Ma facciamo ancora un passo indietro e cerchiamo di conoscerlo meglio. A soli sette anni comincia a spiegare le dita su un pianoforte rimanendone affascinato. Prosegue gli studi di musica classica fino a conseguire il diploma presso il Conservatorio Niccolò Piccinni di Bari. A diciassette anni si accosta al jazz in seguito all’ascolto di alcuni mostri sacri tra cui Keith Jarrett, Jacques Loussier e Chick Corea. Arricchisce il suo curriculum studiorum artistico seguendo diversi seminari tenuti da artisti statunitensi. È insignito di prestigiosi premi quali il Premio “Soundtrack” –migliore colonna sonora- in occasione del Festival Internazionale Cortolandria del 2009. Iovene continua a far parlare di sé in seguito al successo del suo neo-progetto discografico “Wired along”, ascoltato ed apprezzato durante il tour promozionale a San Mariano (PG), Fano, Acquaviva e Barletta ma soprattutto al Blue Note di Milano, tempio sacro della musica in cui è avvenuta la vera consacrazione di jazzista.
“Wired along” significa letteralmente “legato lungo un qualcosa” perché i brani sono uniti strutturalmente l’uno all’altro, si sviluppano seguendo un filo conduttore, “un filo - dice - che lega il nostro sentire, le nostre emozioni, le nostre decisioni, il nostro agire quotidiano”.
L’album contiene nove brani dalle note carezzevoli ed appassionanti, frutto del genio creativo di Iovene, più due arrangiamenti di pezzi famosi che rappresentano un personalissimo tributo a due grandi artisti del panorama jazzistico internazionale: “Over the rainbow”che è una delle sue ballad preferite- ci confessa- di H. Arlen e E. Y. Harburg e “Beautiful love” di V. Young, W. King, H. Gillespie e E. Van Alstyne.
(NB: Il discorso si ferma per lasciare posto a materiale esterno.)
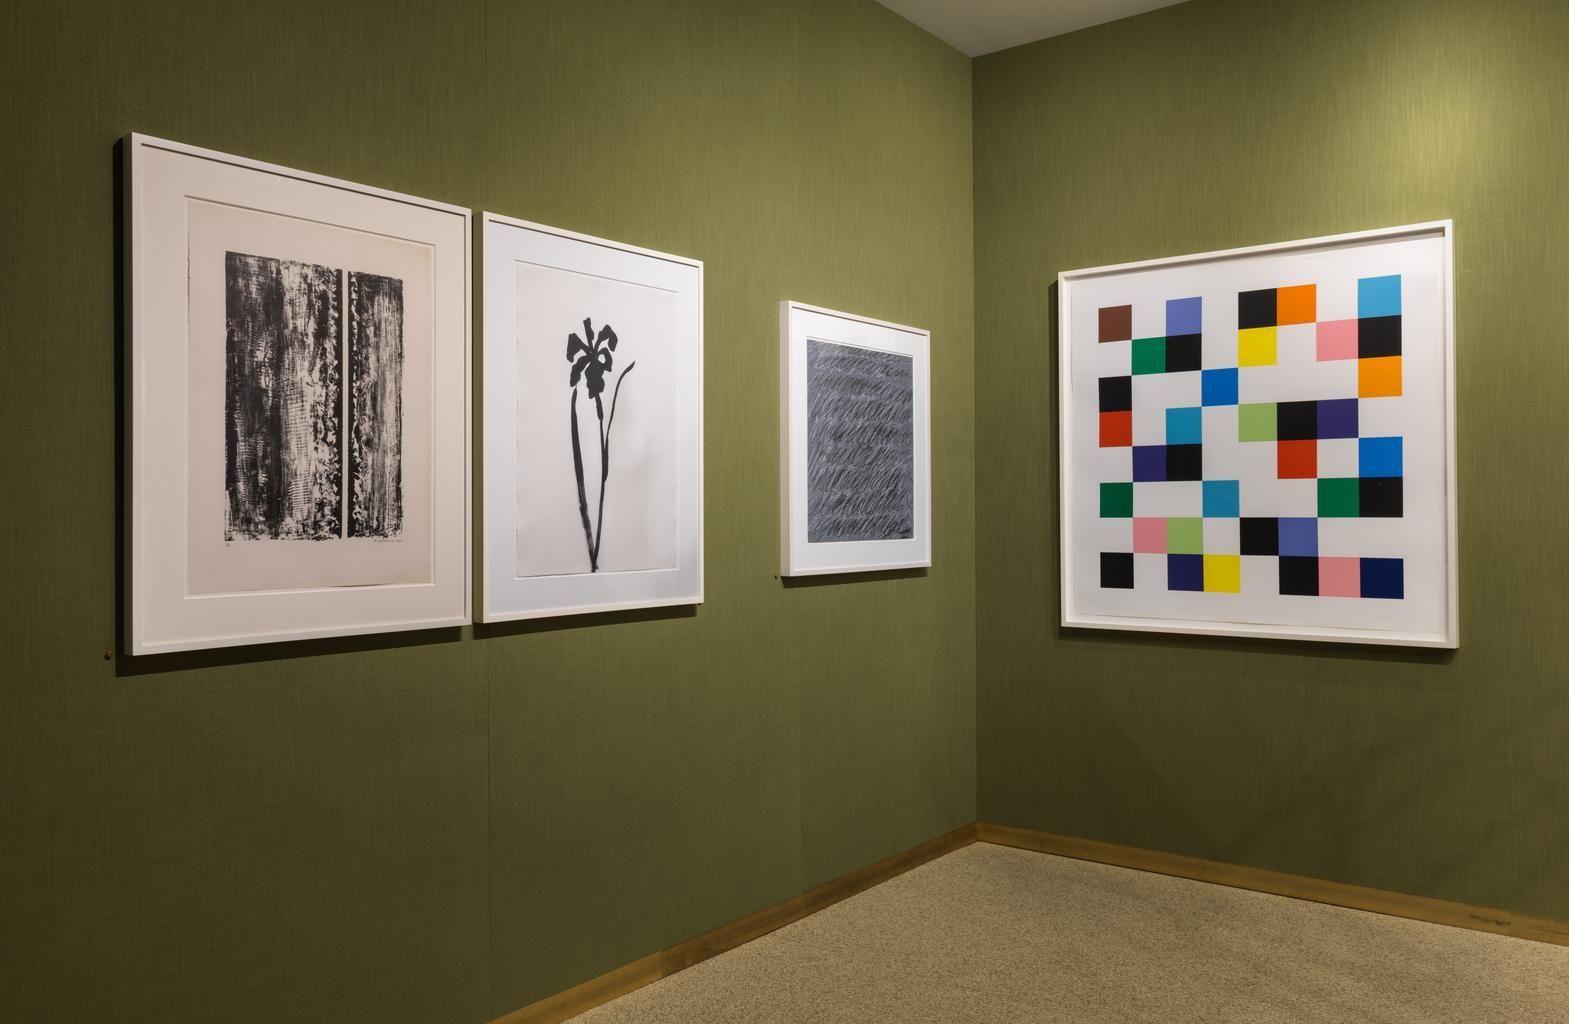 The ADAA Art Show 2017 at Susan Sheehan Gallery

Alberto IoveneDopo “Told notes” maturava già da un po’ l’intento di dare alla luce un altro lavoro ed in questi ultimi tre anni si era seduto al piano per comporre alcuni pezzi, tutti “figli della mia ispirazione e passione”-afferma. Gli altri brani, invece, “dormivano” nel cassetto, fissati su un pentagramma in attesa di essere elaborati e quindi incisi in sala di registrazione.
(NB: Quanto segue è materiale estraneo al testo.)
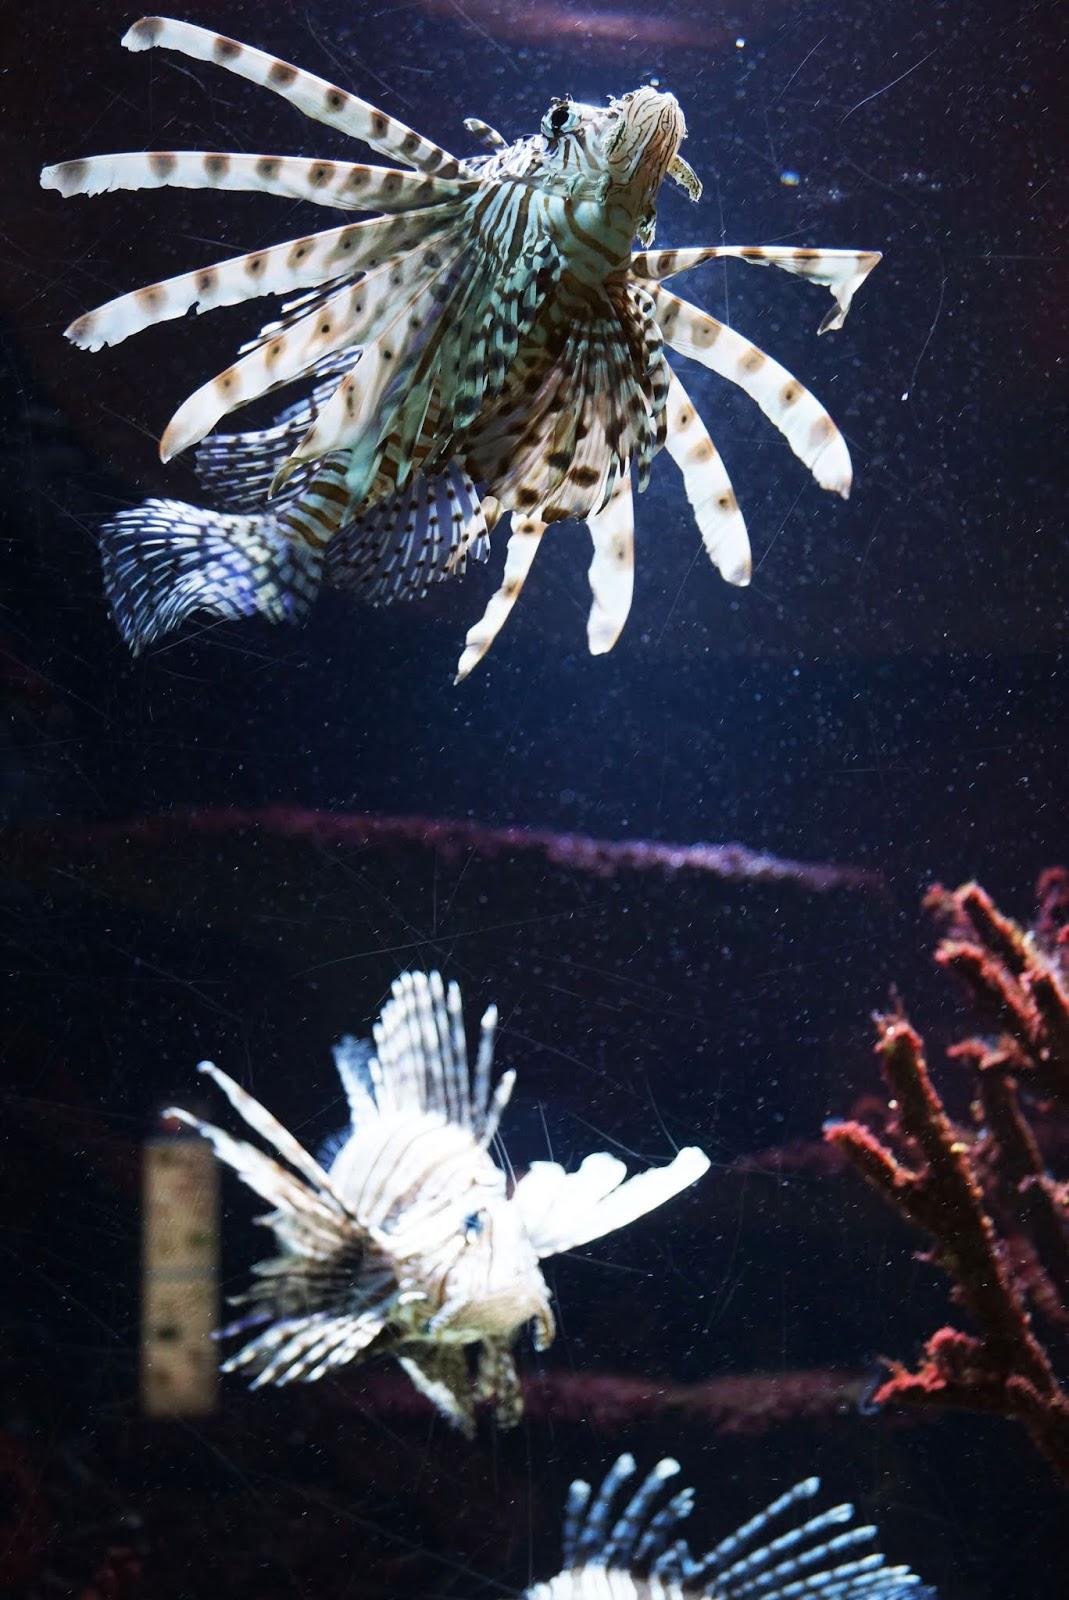 aquarium_berlin

Per questo suo nuovo album il giovane pianista ha suonato al fianco di importanti artisti consacrati alla musica jazz quali Dominique di Piazza (basso a 5 corde), Manhu Roche (batteria) e Daniele Scannapieco (sax tenore) condividendo palco e clamore: si intuisce un’intesa musicale all’interno del gruppo che ha connotato questa felice collaborazione grazie anche all’amicizia che li legava da tempo.
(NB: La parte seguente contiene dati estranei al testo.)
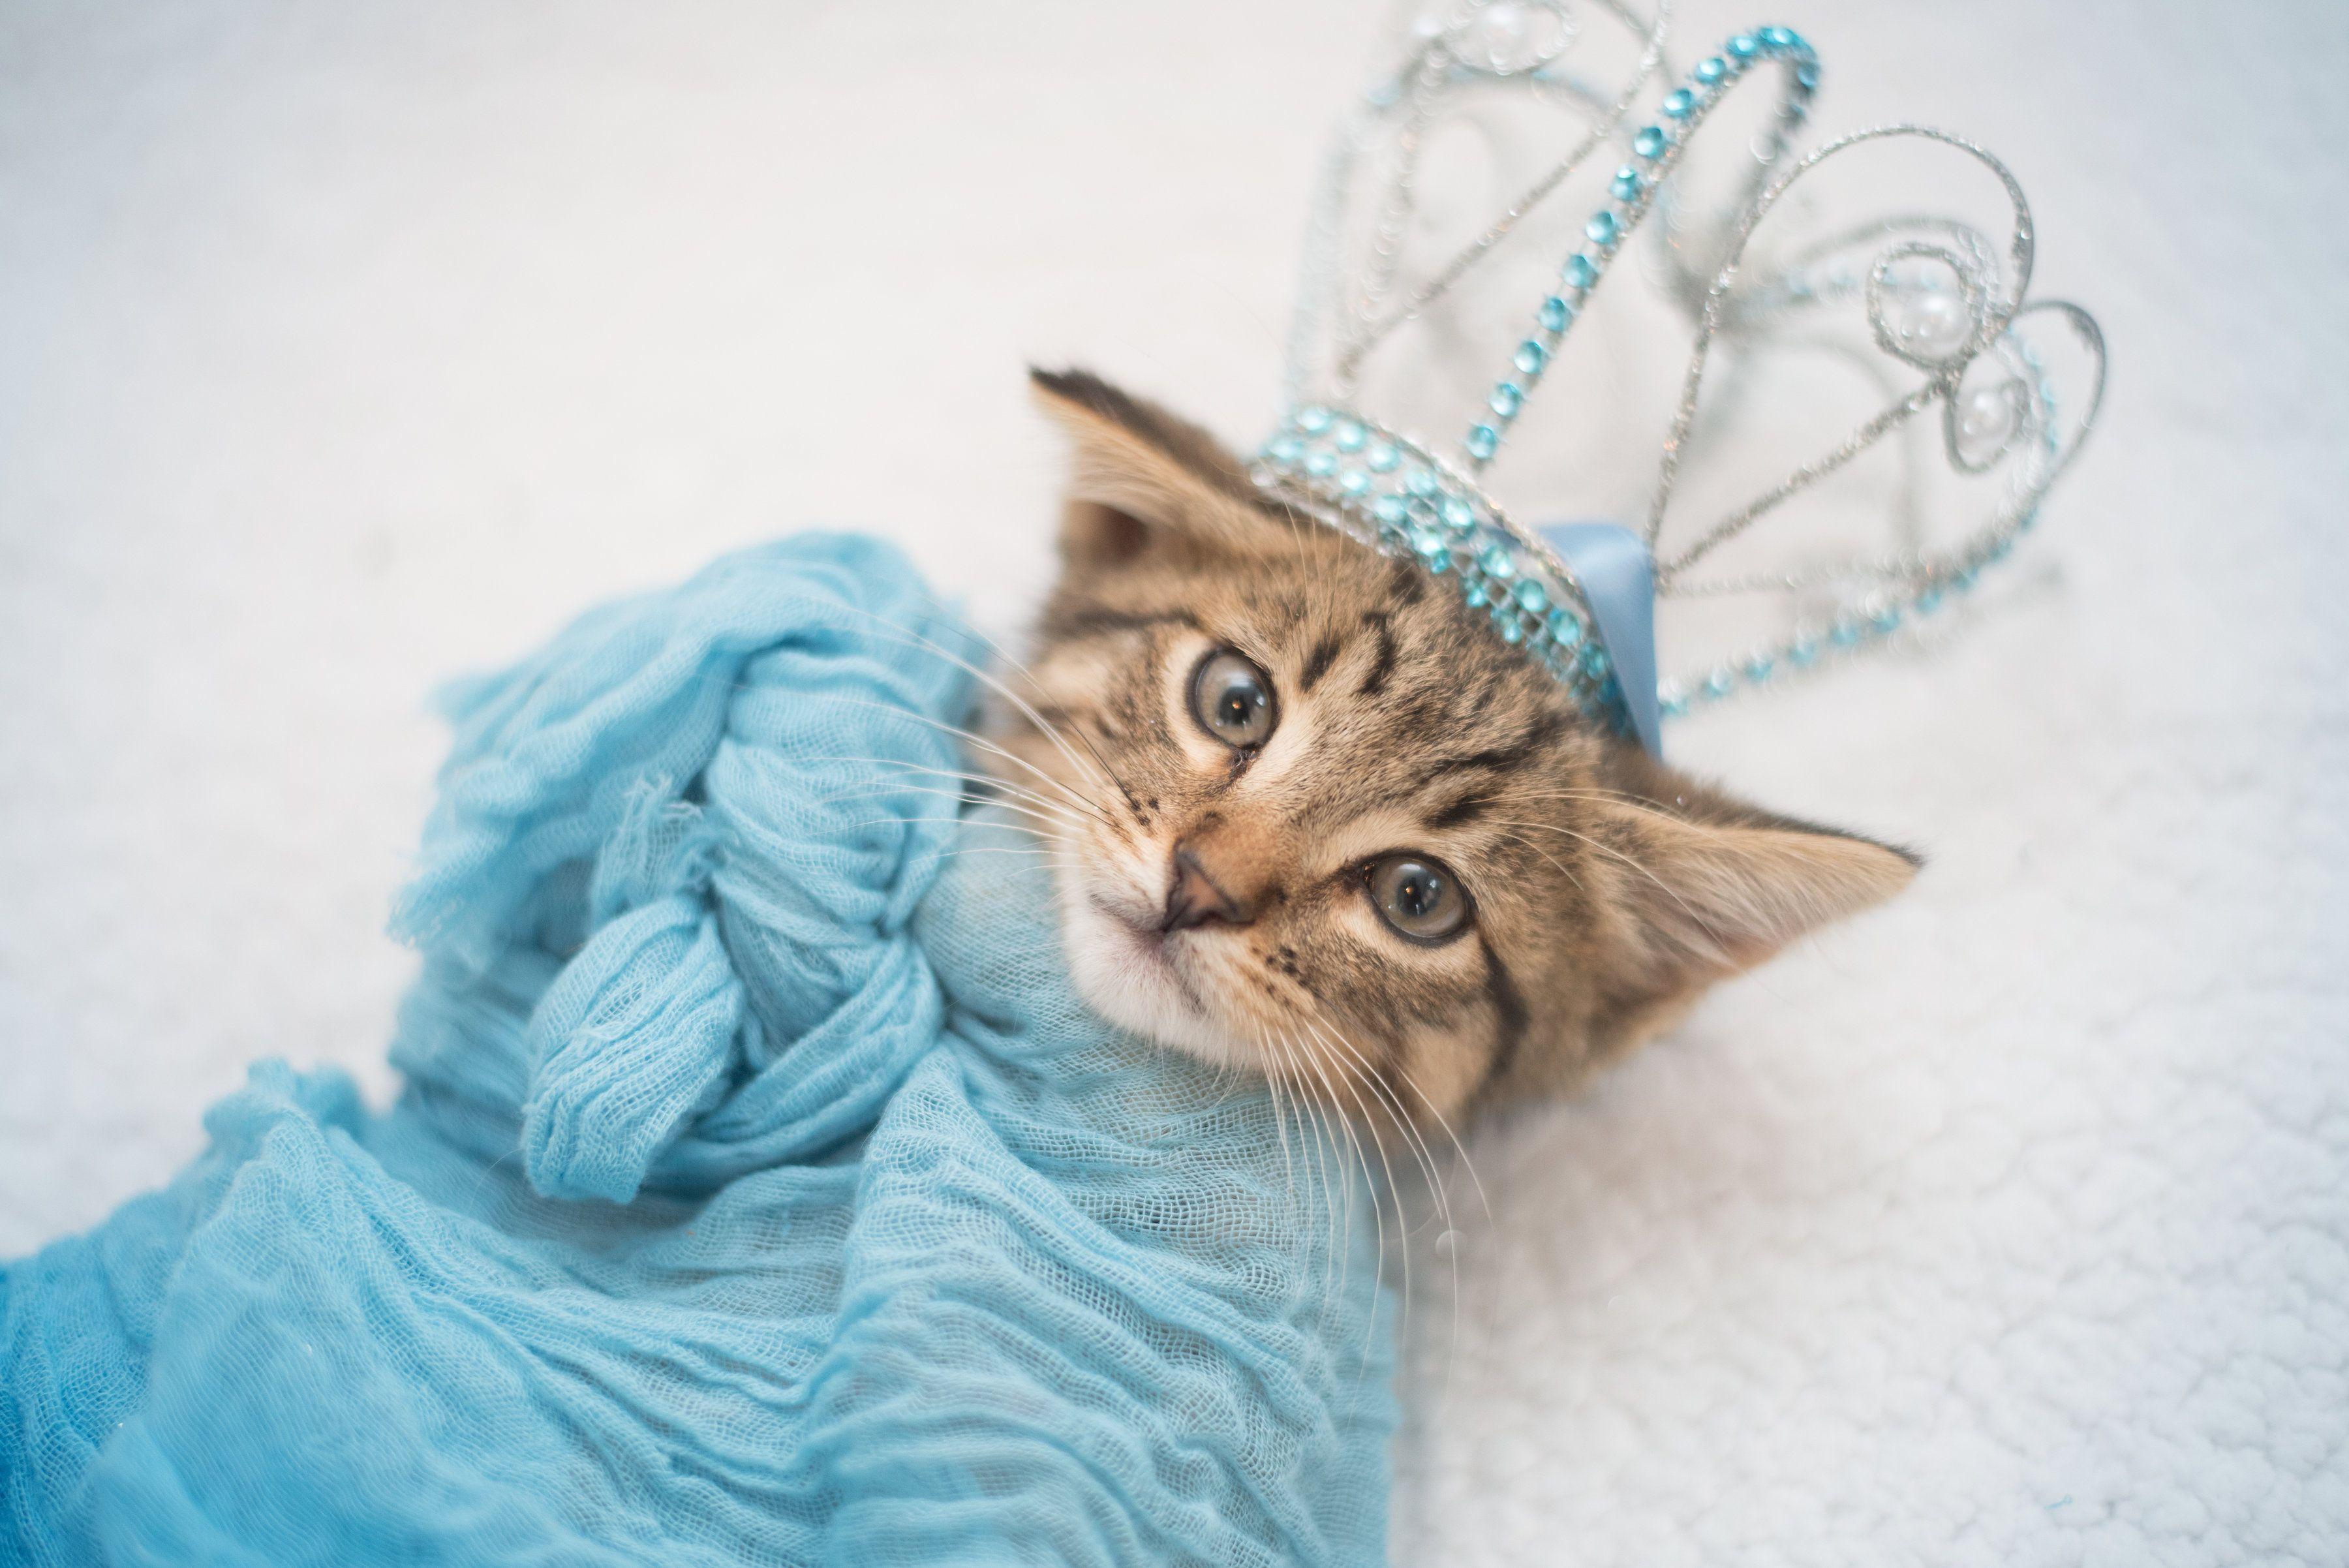 Family Stages Newborn Style Shoot For Their Kitten Newborn Kittens Cute Kawaii Animals Kitten

“Wired along” è già presente, a Bari, sugli scaffali della Feltrinelli e della Ricordi, ma non solo: l’album ha varcato il confine della penisola italiana fino a giungere in Europa ed oltreoceano. Ma c’è una buona notizia anche per i cybernauti: l’album è acquistabile in tutte le piattaforme di download digitale quali i-Tunes, Napster, emusic ed altri ancora.
Standing ovation, dunque, per questo artista bitontino che continuerà a stupirci e a deliziarci con le sue note seguendo quel filo conduttore wired along che ci porta a lui e che “sprigiona quel fascio di luce” che Iovene definisce Musica.